Variable selection using the (generalized) variance-inflation factor (VIF)

Description

This function takes a linear model and selects the subset of predictor variables that meet a user-specific collinearity threshold measured by the (generalized) variance-inflation factor (VIF).

Usage

stepVIF(model, threshold = 10, verbose = FALSE)
stepVIF(model, threshold = 10, verbose = FALSE)

Arguments

`model`	Linear model (object of class 'lm') containing collinear predictor variables.
`threshold`	Positive number defining the maximum allowed VIF. Defaults to `threshold = 10`.
`verbose`	Logical indicating if iteration results should be printed. Defaults to `verbose = FALSE`.

Details

stepVIF starts computing the VIF of all predictor variables in the linear model. If the linear model contains categorical predictor variables, generalized variance-inflation factors (GVIF) (Fox and Monette, 1992), are calculated instead using car::vif(). GVIF is interpretable as the inflation in size of the confidence ellipse or ellipsoid for the coefficients of the predictor variable in comparison with what would be obtained for orthogonal, uncorrelated data. Since categorical predictors have more than one degree of freedom, df, the confidence ellipsoid will have df dimensions, and GVIF will need to be adjusted so that it can be comparable across predictor variables. The adjustment is made using the following equation:

$GVIF^{1/(2\times df)}$

The next step consists of evaluating if any of the predictor variables has a (G)VIF larger than the specified threshold, the function default being threshold = 10. For, GVIF^(1/(2*df)), the threshold will be sqrt(threshold).

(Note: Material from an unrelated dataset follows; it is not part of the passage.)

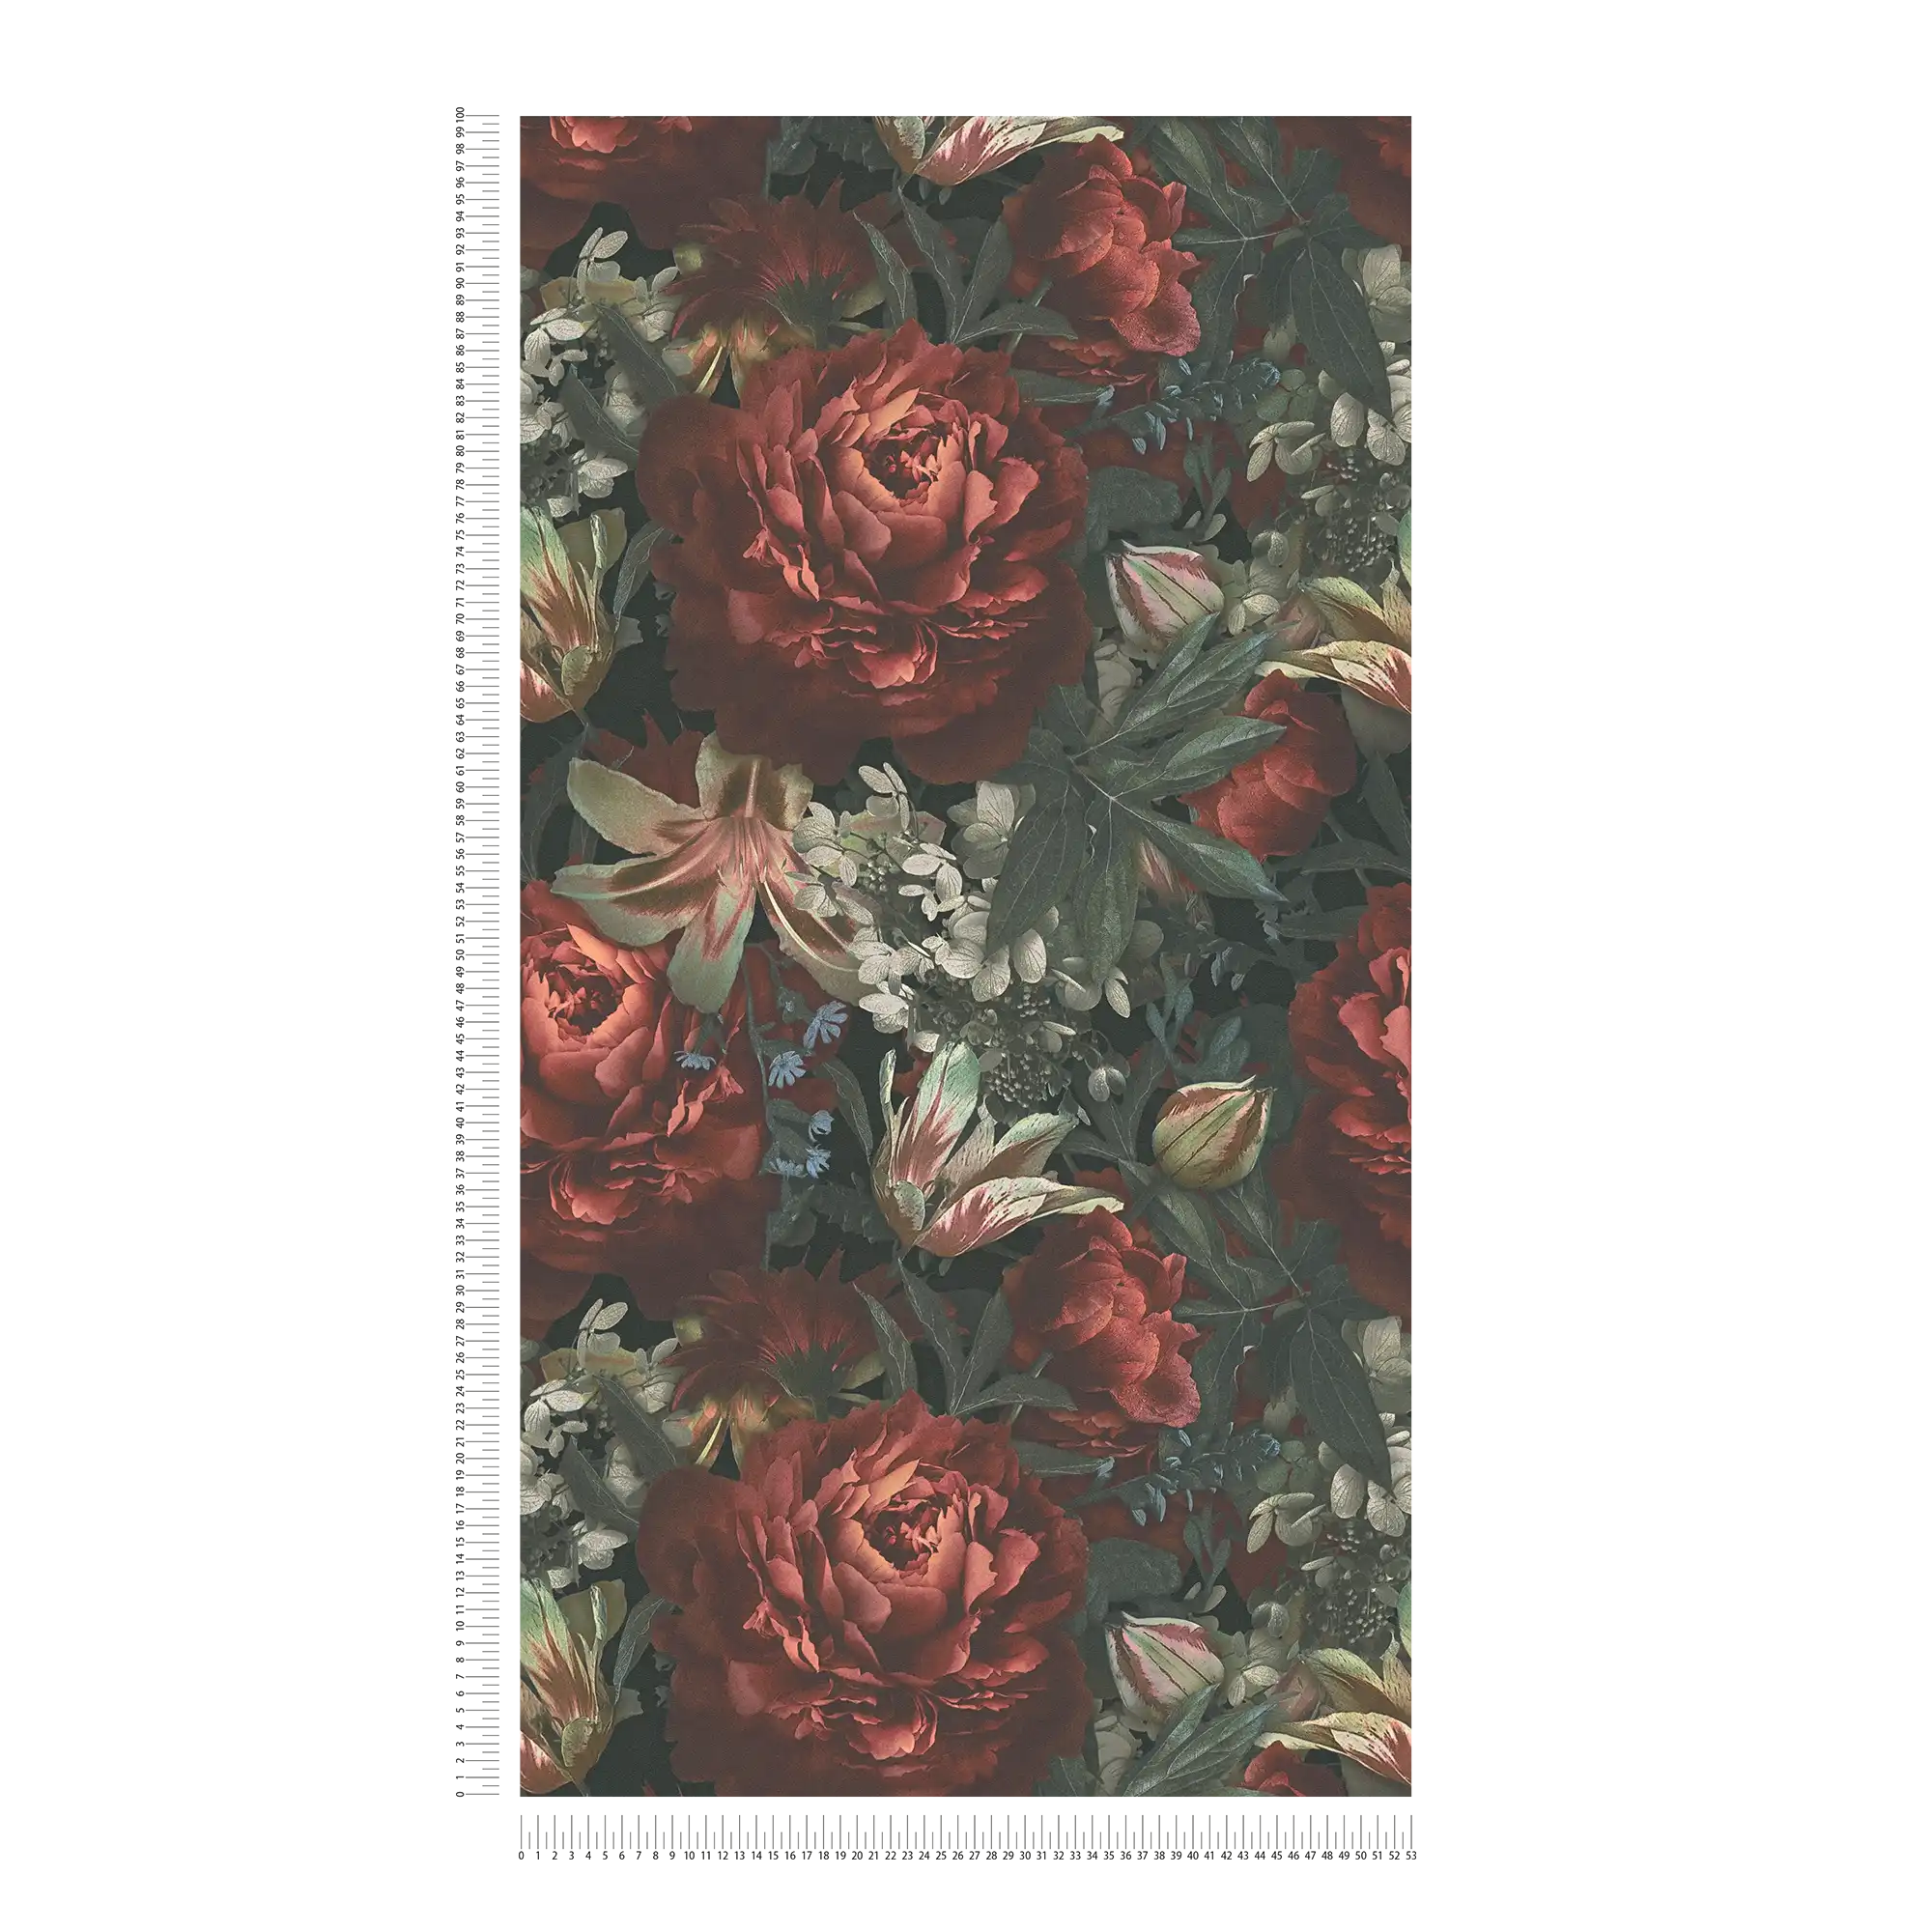             Papier peint fleuri Roses & tulipes style vintage - Vert, rouge, crème

If there is only one predictor variable that does not meet the VIF threshold, it is automatically removed from the model and no further processing occurs. When there are two or more predictor variables that do not meet the (G)VIF threshold, stepVIF() fits a linear model between each of them and the dependent variable. The predictor variable with the lowest adjusted coefficient of determination is dropped from the model and new coefficients are calculated, resulting in a new linear model.

This process lasts until all predictor variables included in the new model meet the (G)VIF threshold.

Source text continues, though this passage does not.